Afghan Women, Aid Delivery Not Helped by Allied Gains, UN SaysBill Varner
U.S. and allied military gains in Afghanistan have failed to yield corresponding progress in delivery of humanitarian aid or protection of women from violence and discrimination, the United Nations said.
Access of aid workers to areas of southern Afghanistan where U.S.-led military forces are concentrating efforts to defeat Taliban insurgents hasn’t improved and has worsened in regions where the conflict has spread, UN Assistant Secretary- General Catherine Bragg told reporters today in New York.
“Aid workers do not have access to roughly half of the country,” Bragg, the deputy humanitarian relief coordinator, said in a report on her trip last week to the capital Kabul and the southern Kandahar Province, considered the heartland of the Taliban.

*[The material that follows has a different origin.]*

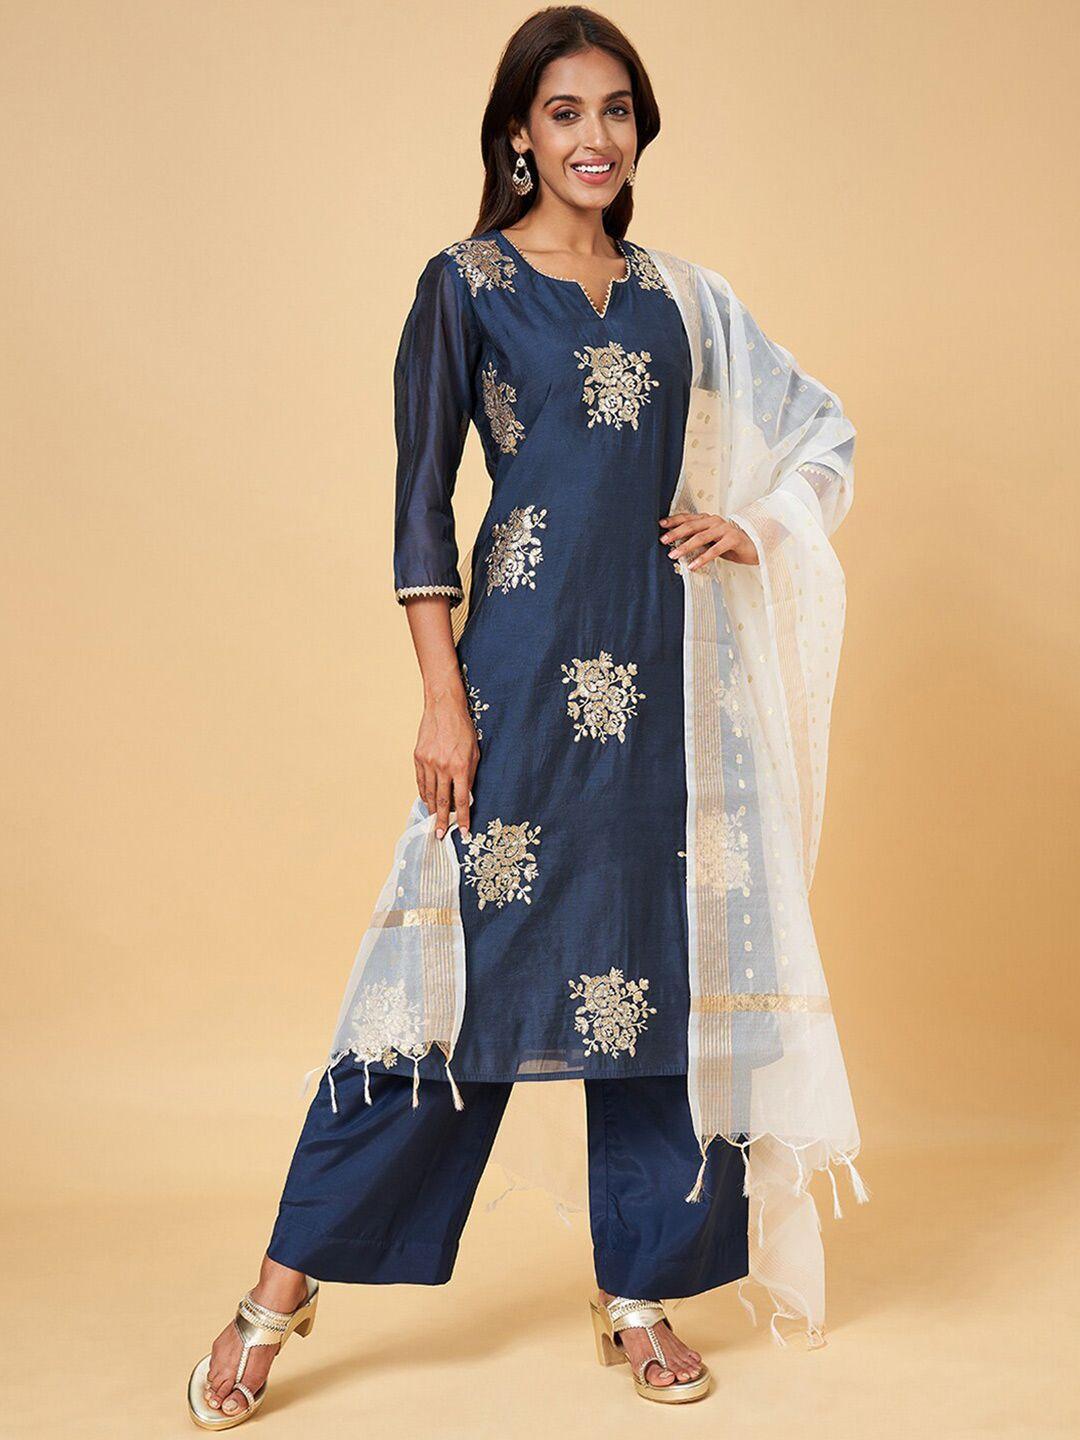 rangmanch by pantaloons ethnic motifs woven design dupatta with zari

“As the conflict spreads to other parts of the country, other than the south, we are increasingly losing access, particularly in the northern areas where we used to have access,” Bragg said. “It is getting to be more and more of a concern.”

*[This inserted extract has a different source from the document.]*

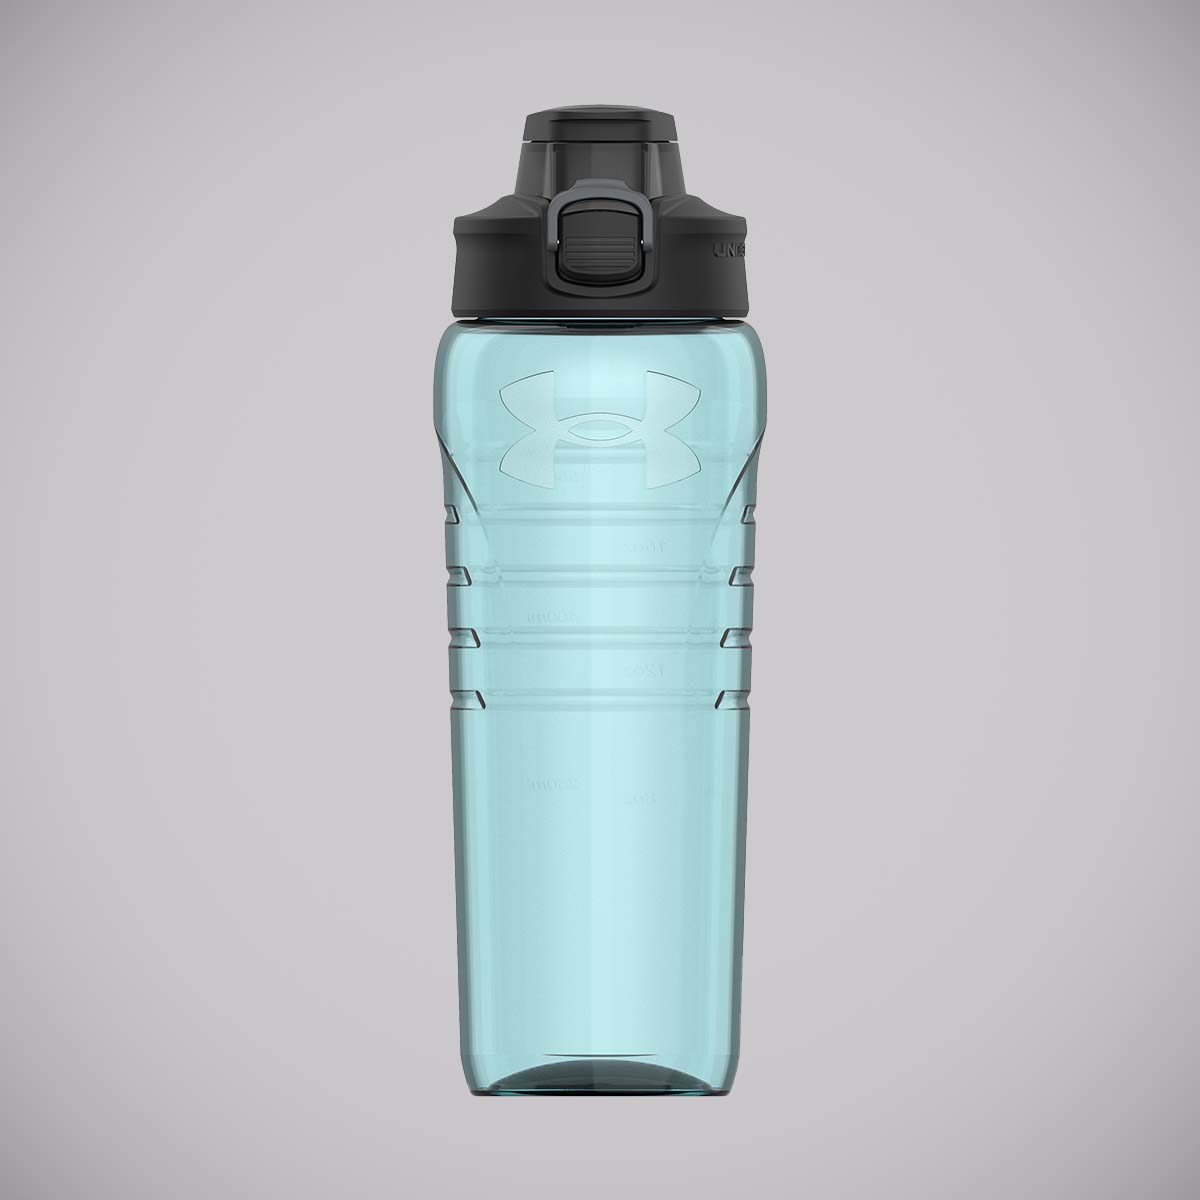 Under Armour Draft 24-oz. Tritan Water Bottle, Blue

The assessment follows recent trips to Afghanistan by U.S. President Barack Obama and Britain’s Prime Minister David Cameron during which they said allied troops were succeeding in their mission to defeat the Taliban. General David Richards, Britain’s most senior military commander, said there has been “an astronomical rate of progress.”

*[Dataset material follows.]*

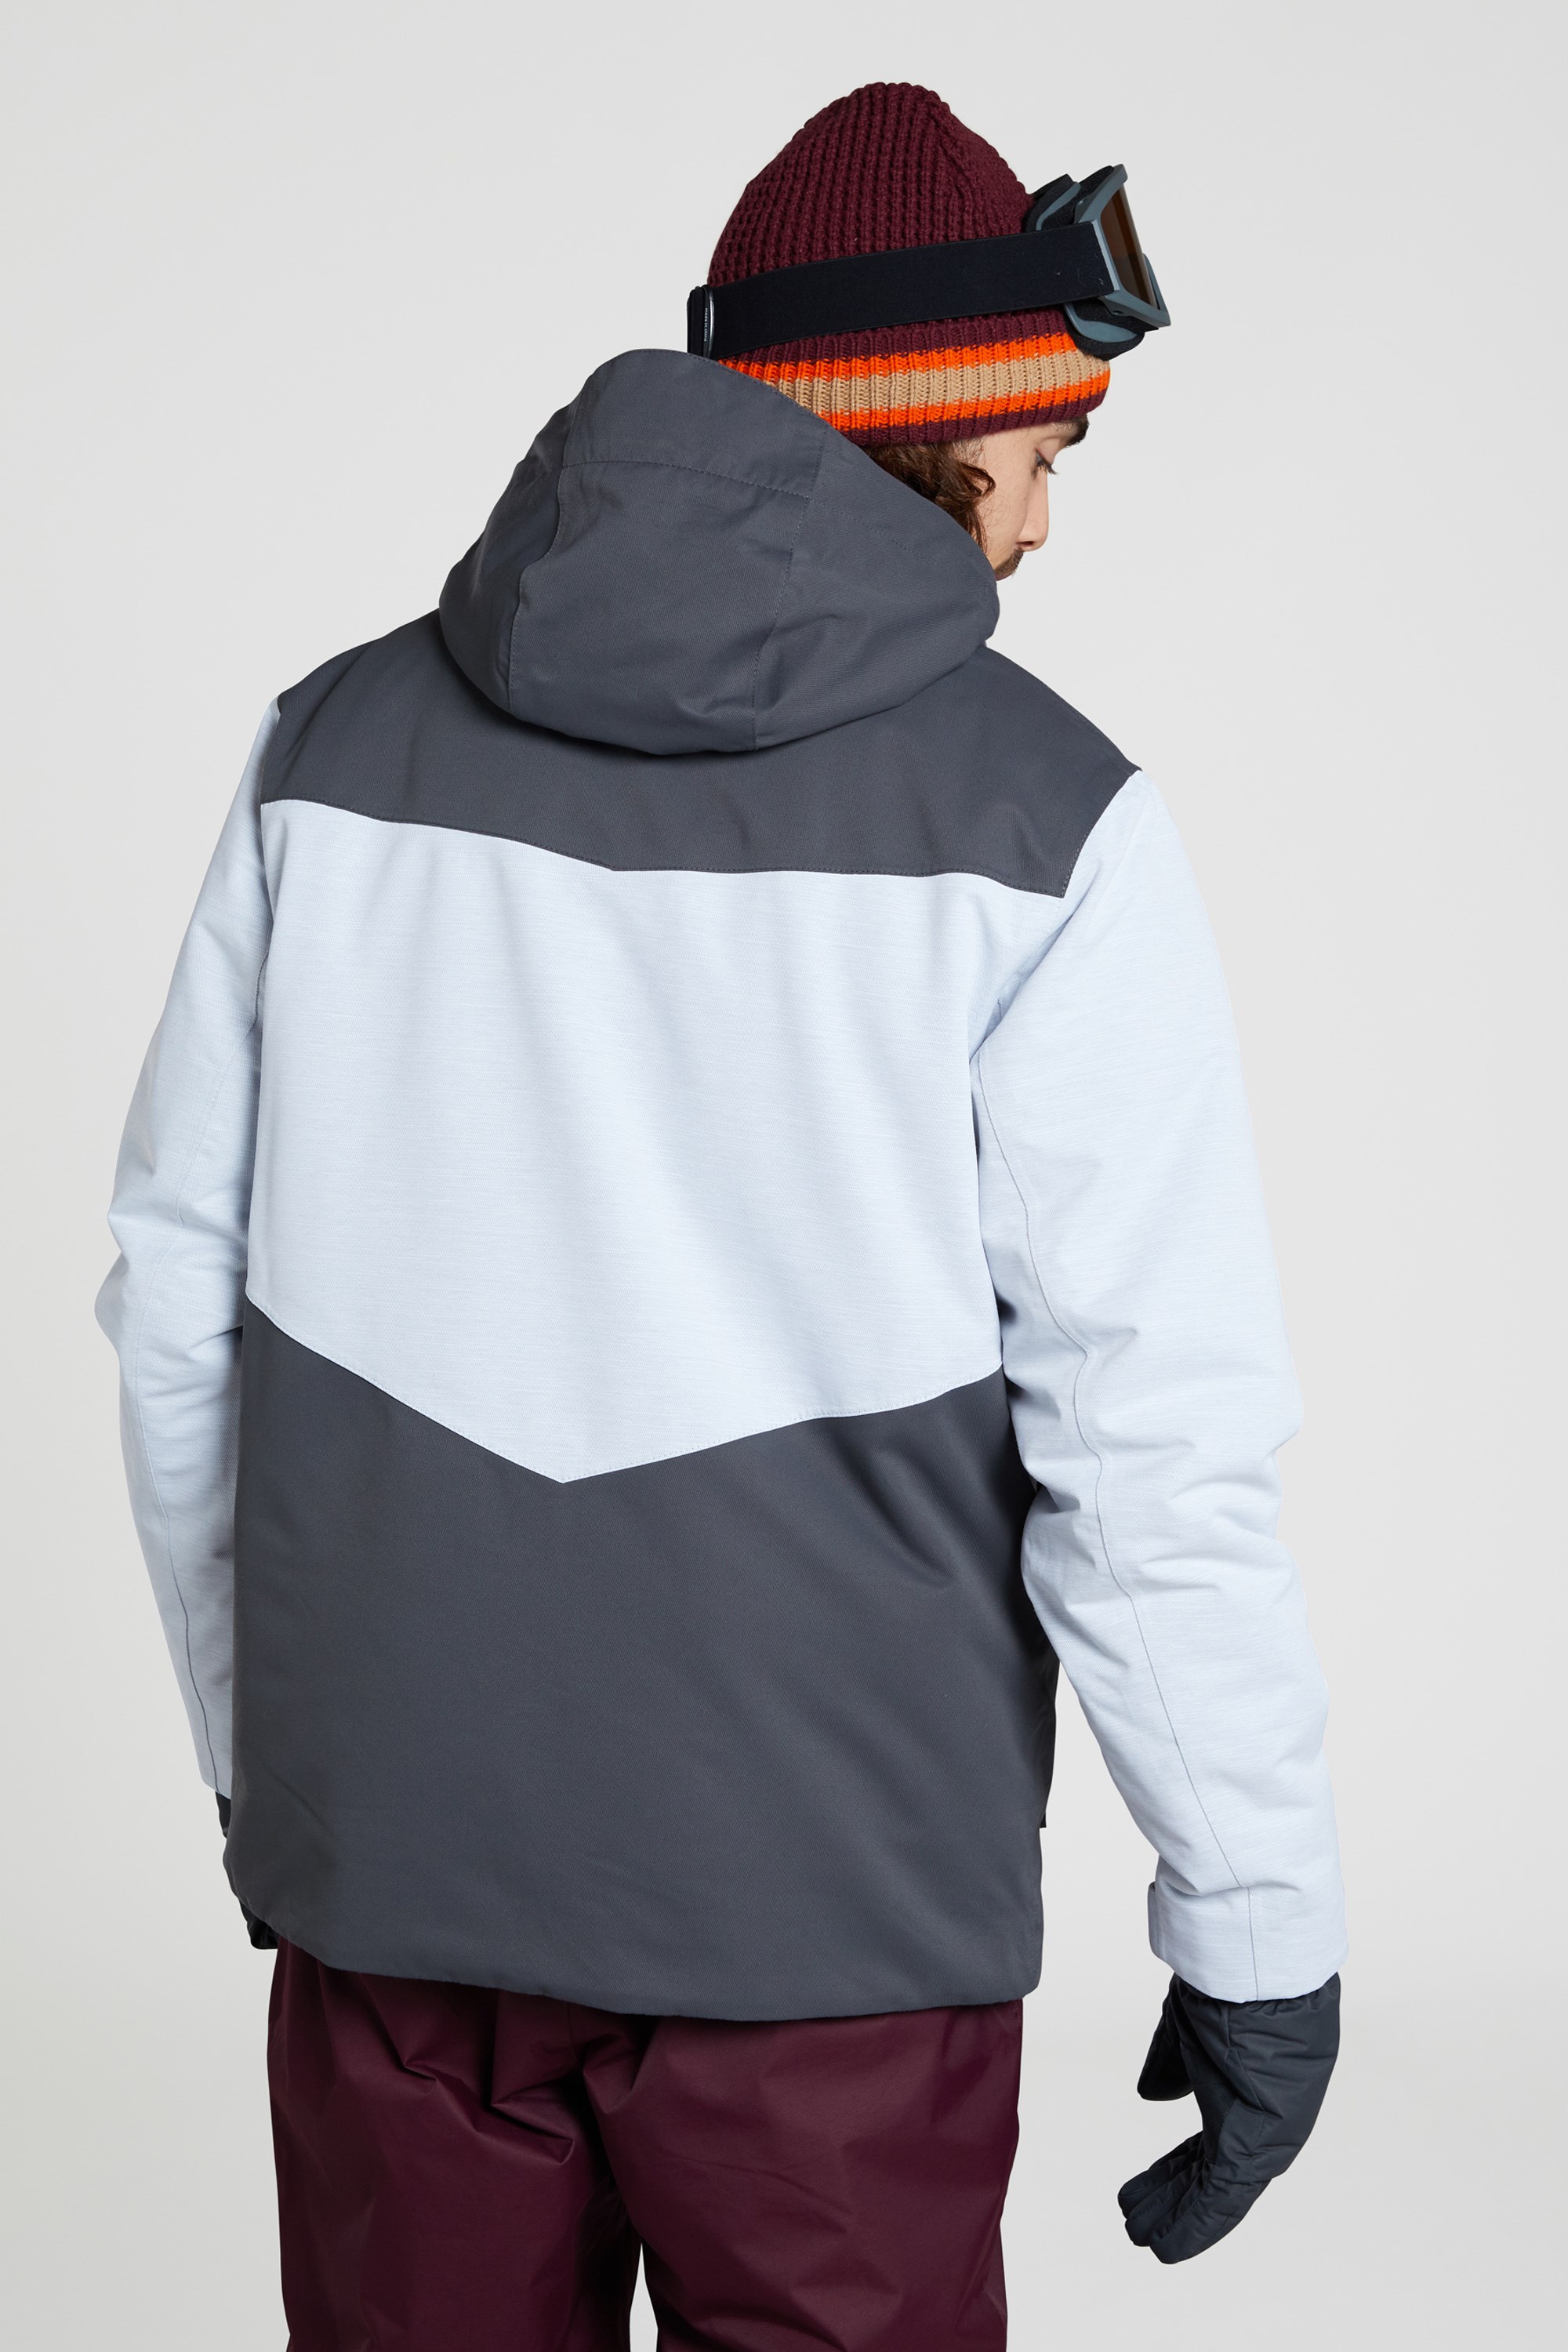 For Camping in Winter Waterproof Mens Jacket Breathable Mountain Warehouse Luna Mens Ski Jacket Taped Seams Rain Coat Detachable Snow Skirt

“The general agenda of security, governance and development does not leave a whole lot of room for humanitarian issues,” Bragg said. “Armed opposition groups are equally keen to minimize the effect” of international aid.
Millions Need Food
Bragg said as many as eight million Afghans, almost a third of the nation’s population, need food aid.
A UN report, released today in Kabul, said a law passed in August 2009 to protect women from discrimination and violence hasn’t improved their lives because it isn’t being enforced. The law makes it a crime to buy and sell women for marriage and to force a woman to marry without her consent.
“These harmful practices are widespread,” Georgette Gagnon, director of human rights for the UN mission to Afghanistan, said at a news conference today in Kabul, according to a transcript provided by the UN. “Little meaningful and sustainable progress for women’s rights can be achieved in Afghanistan as long as women and girls are subject to these practices.”
The report found that “law enforcement authorities often are unwilling or unable to apply laws that protect women’s rights and that such inaction is one of the main factors that permits harmful traditional practices.” The police and judiciary “take a selective rather than impartial approach to administering justice.”
The report said half of all girls are married under the age of 15 and Afghanistan has the world’s worst maternal mortality rate. Half of all women in prison were sentenced for “moral” crimes such as running away from their husbands or families, the UN said.
Obama last year ordered 30,000 more troops into the war. The U.S. and its partners have fielded a combined force of almost 150,000 to turn back Taliban advances and train enough Afghan soldiers and police to take over starting in July.
More than 1,000 U.S. troops have been killed in the nine-year conflict in Afghanistan, which harbored al-Qaeda before the U.S. ousted the Taliban from power after the Sept. 11, 2001, terror attacks on New York and the Pentagon.
Afghanistan’s ambassador to the UN didn’t respond to a request for a comment on the UN reporting.